4月18日は「発明の日」です。現在の特許法の基になった「専売特許条例」が公布されたことを記念として定められたそうです。

発明以外にも意匠や商標、著作権等、知的財産は色々あるので「知財の日」にしてもいいかもしれません。しかし「発明」がメインになっているのは、発明が生まれて特許になり、特許が社会で活かされることにより社会はどんどん便利になってきたという側面があるので、やはり多くの人にとって発明が果たしている役割が大きいことが影響しているのかもしれませんね。

ところで「発明」はどのような感じで生まれてくるのでしょうか。今回は、その辺りをちょっと見てみます。

まずは発明の例

発明はそれこそ星の数ほどありますが、分かりやすい例を3つだけ見てみます。

1)傘の袋収納装置

お店等の入口に濡れた傘をビニール袋に入れる装置が置いてあるのを見たことがあると思います。実際使ったことがある人も多いでしょう。

この装置は「傘の袋収納装置」として特許権が成立していました(特許2562806。但し、現在は存続期間満了により、権利消滅)。

2)プライヤ

工具を使っている人は知っているかもしれませんが、ヘッドが潰れたネジや錆びたネジなど、普通のドライバーでは対処できないネジをつかんで回転させることができるプライヤが販売されています。

このプライヤにも特許権が成立しています(特許3486776特許4471315。ただし、現在は存続期間満了により特許3486776は消滅)。

3)剥がせる塗料

東京都大田区の特殊塗料を製造販売する太洋塗料株式会社は剥がせる特殊塗料の技術を有しているのですが、デザイナーと協業し、消費者向けの「剥がせる」塗料を売り出しました(特許はないようです)。「マスキングカラー」という塗料です。ちなみに「マスキングカラー」は同社の登録商標です(商標登録第5575562号商標登録第5595885号)。

これは、ホワイトボード等に絵や文字を書くと、その形のまま剥がすことができ、かつ、剥がした後、再びホワイトボードに貼り付けることができるものです。この商品は第26回の大田区中小企業 新製品・新技術コンクールで最優秀賞を獲得しています(→記事はこちら)。

もちろん、これら以外にも極めて多くの発明が存在していますが、上の例は発明を見つけるためのポイントを示唆しているので取り上げました。それでは、そのポイントとはなんでしょうか?

発明がどのように生まれたか?

「傘の袋収納装置」では、発明者が、濡れた傘を傘袋に入れるのに苦労していた老婦人を目にしたことをヒントに創出されました(日本弁理士会の「ヒット商品はこうして生まれた(令和元年度改訂版)」参照。)。

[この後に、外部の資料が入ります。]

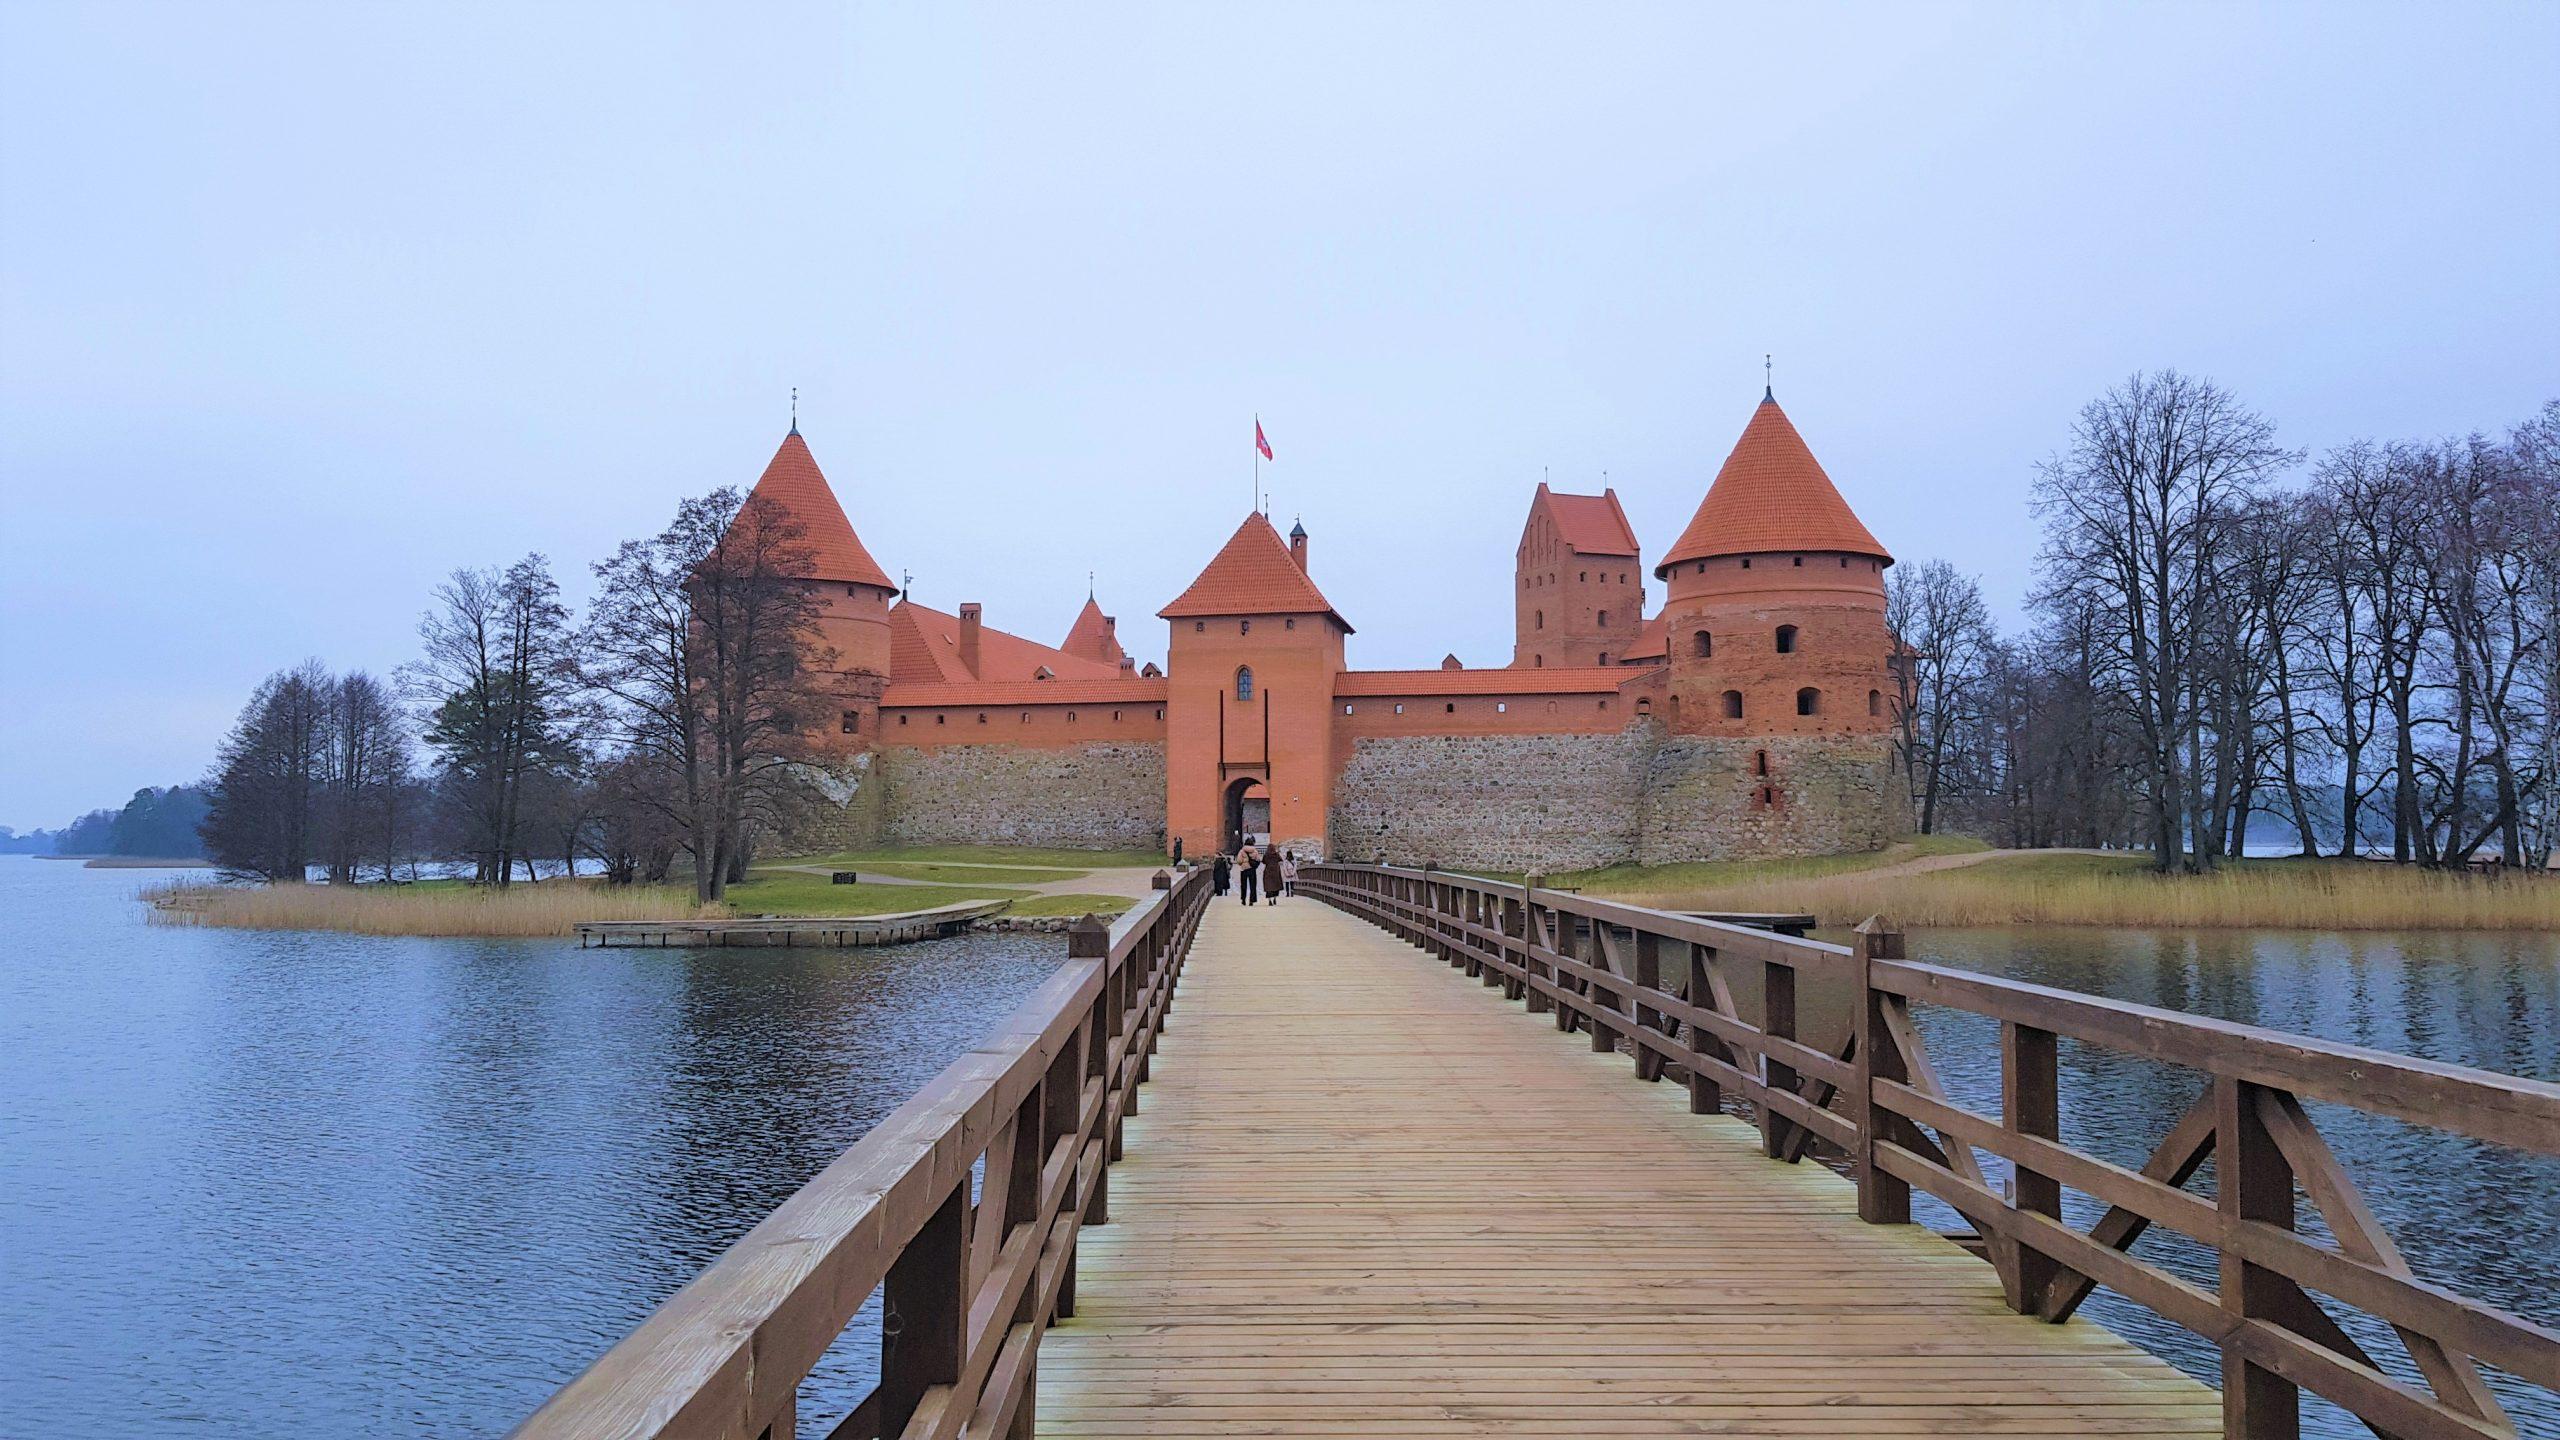 Escapada al castillo de Trakai

また、「プライヤ」の例では、他のプライヤの愛用者カードに記載されていたユーザーのコメントをヒントに開発されました(日本弁理士会の「ヒット商品はこうして生まれた(令和元年度改訂版)」参照。)。

更に、「剥がせる」塗料については、大田区産業振興協会HPの上記記事から考えると、デザイナーとの協業により、これまでBtoBで考えてきたコンセプトとは異なるコンセプトを考え、自社技術を活かした新商品として開発しています。

発明が生まれるポイント

上の例から何が言えるでしょうか?

それは、
1)顧客が抱えているボトルネック(課題や問題、欲求)に着目する
2)これまでにないコンセプトを創造し、チャレンジする

のいずれかがポイントであることです。

もちろん、
3)研究開発の結果得られた技術を市場に展開する
という道もあります(例えば、基礎研究をもとにした技術等)。

しかし、3)の道であっても、企業が市場で成功する確率をアップさせるには1)や2)のポイントがとても重要です。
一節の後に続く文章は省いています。